When I was fourteen, my father came out to the family. It was understood that we couldn’t talk about it outside the house as my father worked in the church and would lose his job if his sexual orientation were known. By the time I was sixteen, my dad had a partner, John, and they lived in Dallas. My best friend (I refused to comply completely with the secret edict) and I would drive to their condo and swim in the pool and eat yogurt raisins and fart at the table, and, bless them, Dad and John were saints of patience. Sometimes, my dad and I would go to Oak Lawn, which was known on the DL as the gay part of Dallas, and we’d sit at a table and decide which waiters were his and which were mine. Of course, they really were all his. So, in essence, I lived a double life, and one of those was in the closet by association. But I loved being part of the gay underground, loved going to the clubs and galleries of Oak Lawn and to hear the Turtle Creek Men’s Chorale (read: Gay Men’s Chorus) and to parties with my father’s friends, where I felt adored and indulged. Fortunately for me, my parents remained close. The first Thanksgiving my father and John were together, my mother invited them over for dinner, and there we were, a very Neil Simon-meets-Paul Rudnick-meets-Soap sort of family.

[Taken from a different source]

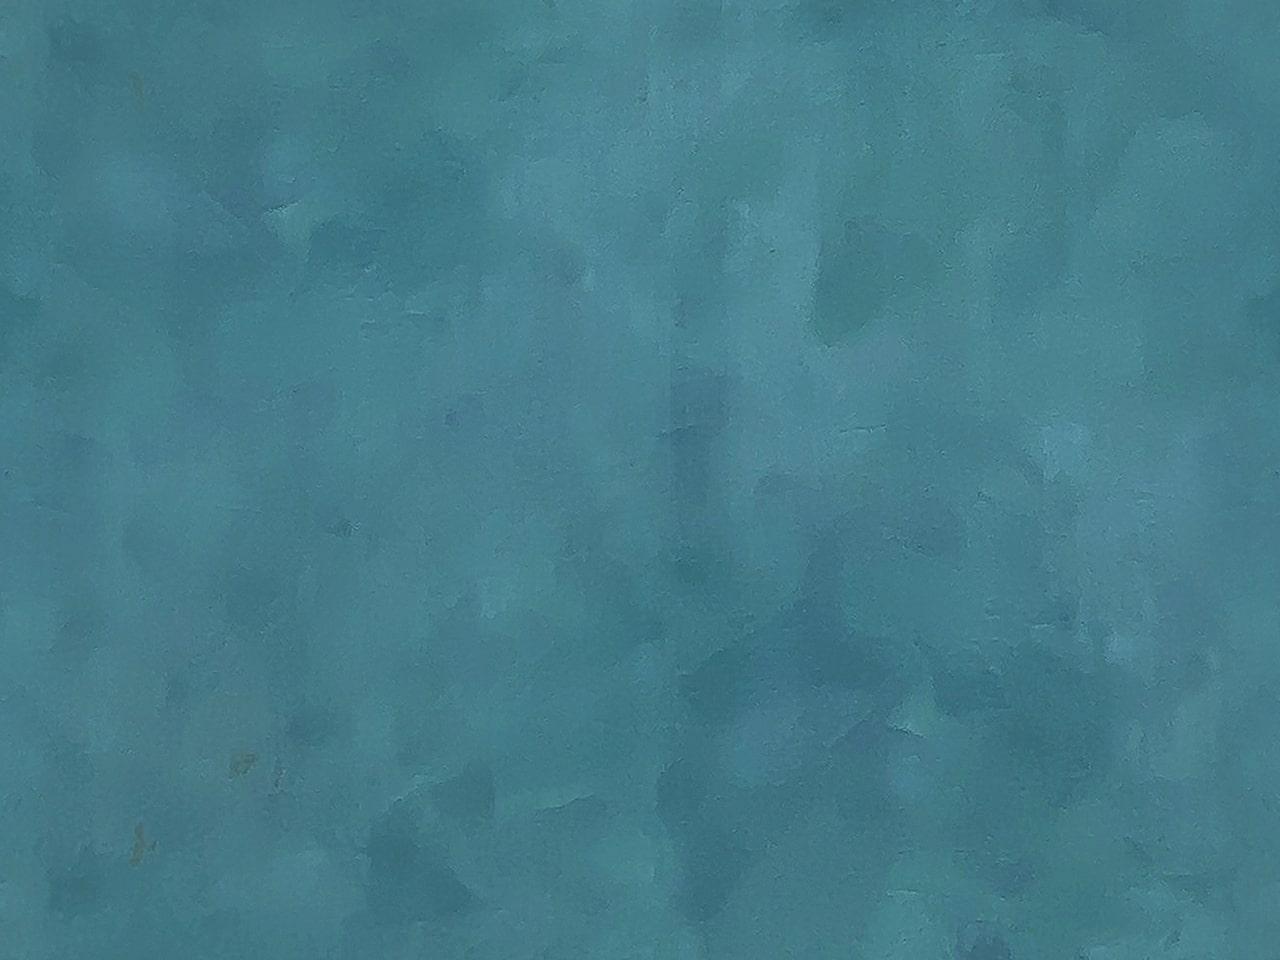 sơn giả bê tông rain aw31c - raw31c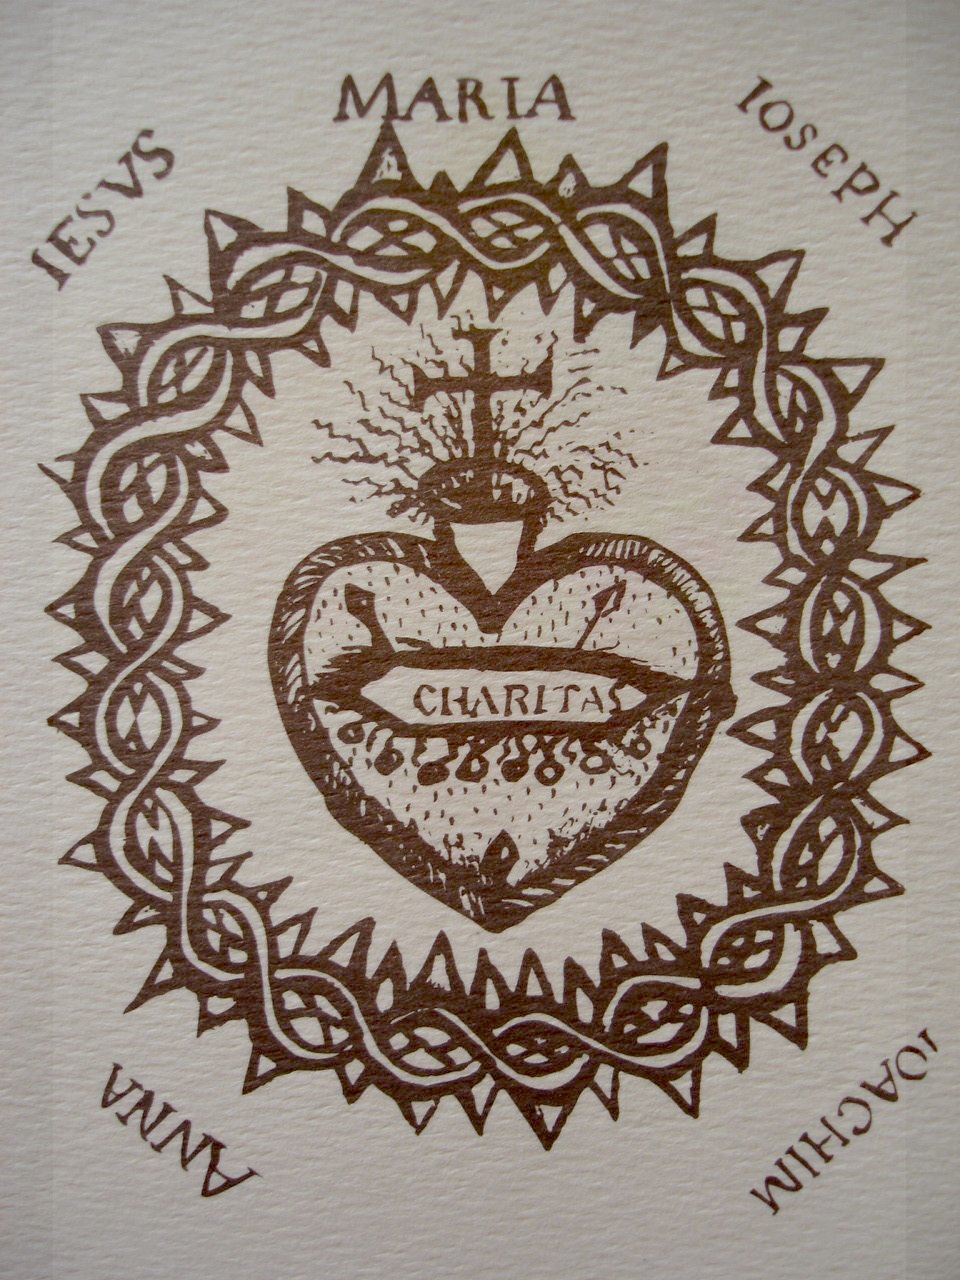 Originalzeichnung Margareta Maria Alacoques, 1685

I struggled mightily with religious questions. Church was a very active part of my life. But the intolerance I began to see, which was heavily tied to the burden of keeping my father’s true self a secret, along with my budding feminism, wore away at my belief. I tried to salvage my faith by joining the Episcopalian church, which had an active youth group. For a while, I was quite devout. I wanted so much to be “good,” whatever “good” was, but it seemed just outside my grasp. I was way too human. Eventually, those disquieting questions I’d pushed back into the far reaches of my soul came bubbling up again, and I left the church. This has been a lifelong struggle, by the way. All those metaphysical questions are still with me: Why are we here? Is there a God? If so, why do such terrible things happen? If the people doing these terrible things in the name of religion are the face of religion, fuck it. I want no part. But then I’ll be lying on my back in the middle of a lake watching clouds shift into new shapes, and I will be taken by such a feeling of love and hope and connection to all life, I will feel so vast and small and completely human that I think, surely, surely there must be something more? That’s why I loved Craig Thompson’s nuanced Blankets. It treats the topic of religious questioning with such grace and forgiveness.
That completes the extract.